INFORMATION PROVIDED
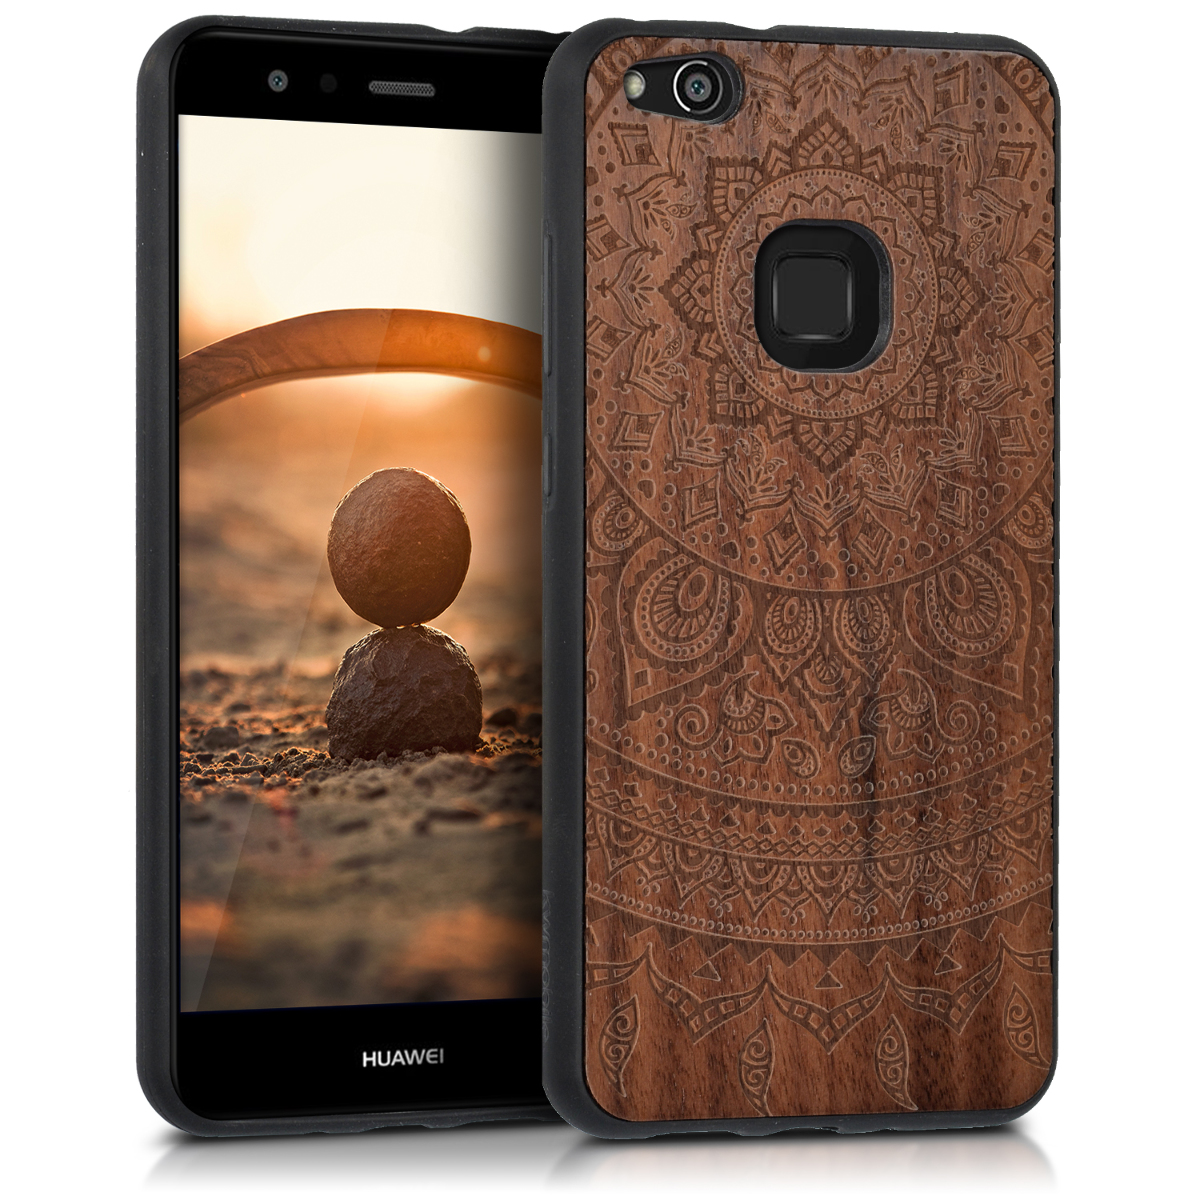 KW Ξύλινη Θήκη Huawei P10 Lite - Indian Sun - Dark Brown (41377.01)
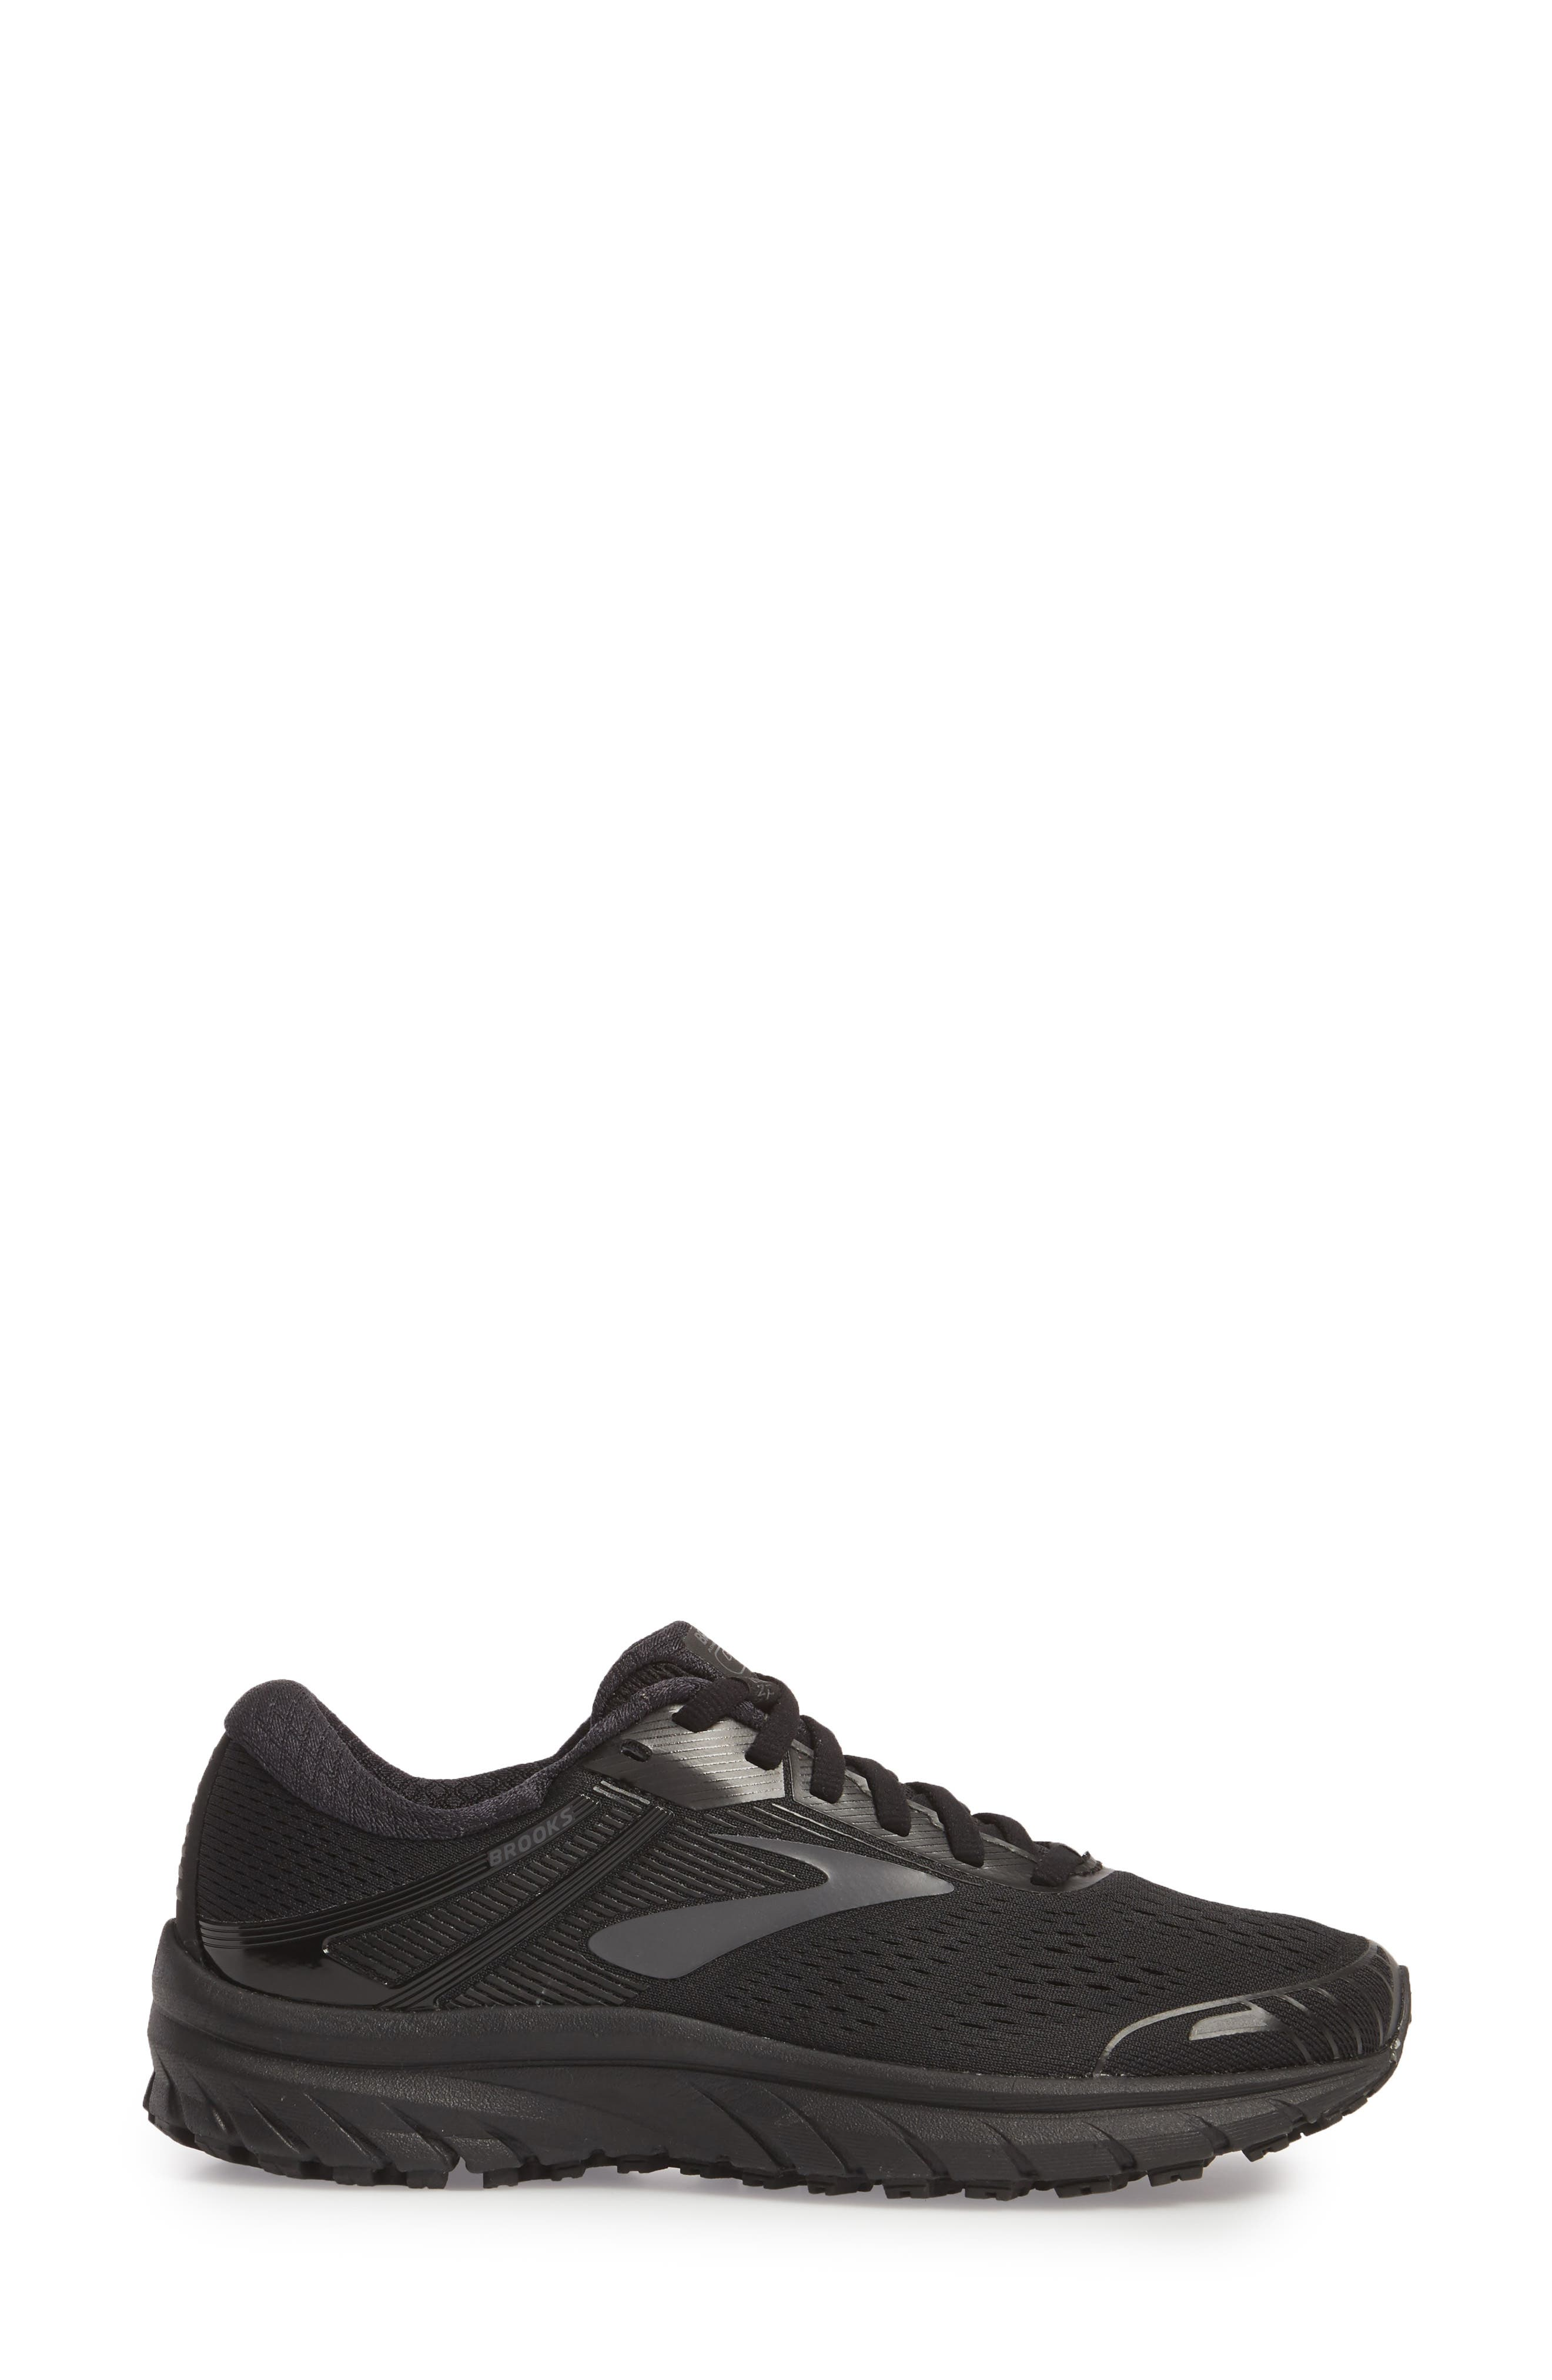 Adrenaline GTS 18 Running Shoe,                             Alternate thumbnail 3, color,                             BLACK/ BLACK
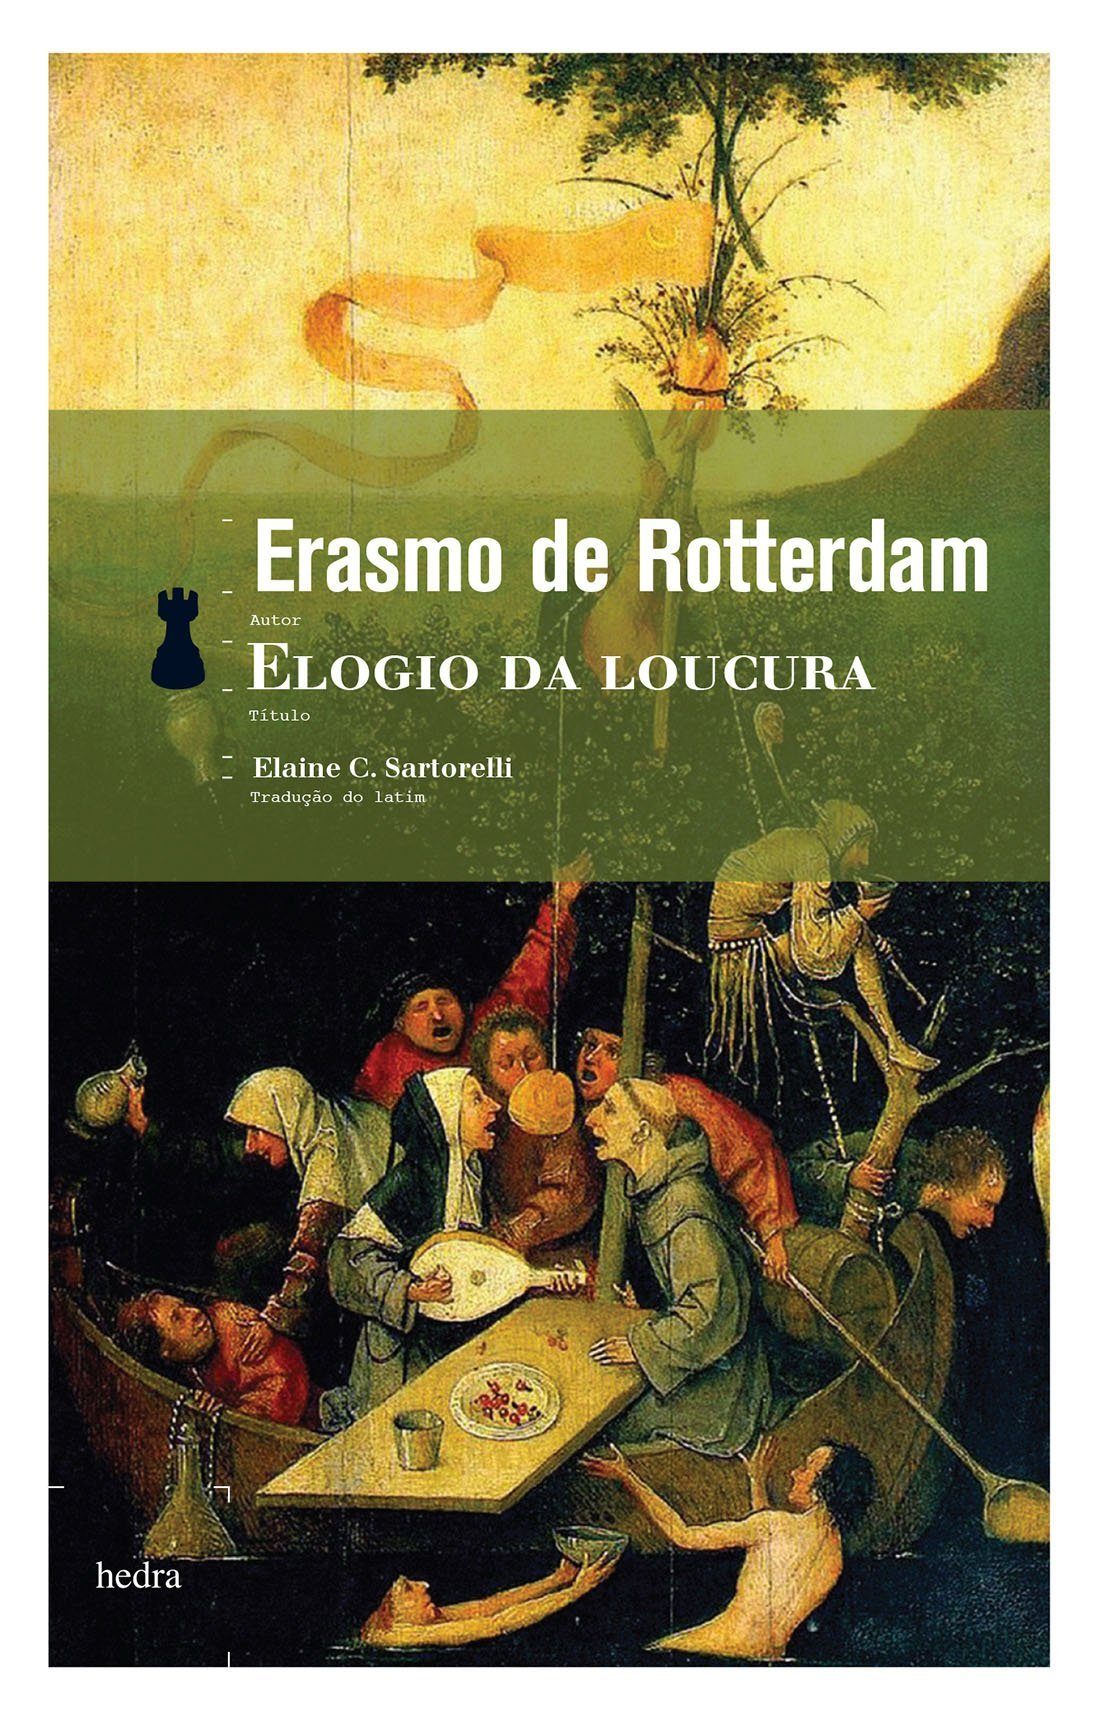 Elogia da Loucura: Amazon.es: ERASMO DE ROTTERDAM: Libros

PROMPT
In the reply, every line of the material above is to be reproduced verbatim, and the images are to be left out.

RESPONSE AREA
 KW Ξύλινη Θήκη Huawei P10 Lite - Indian Sun - Dark Brown (41377.01)
 Adrenaline GTS 18 Running Shoe,                             Alternate thumbnail 3, color,                             BLACK/ BLACK
 Elogia da Loucura: Amazon.es: ERASMO DE ROTTERDAM: Libros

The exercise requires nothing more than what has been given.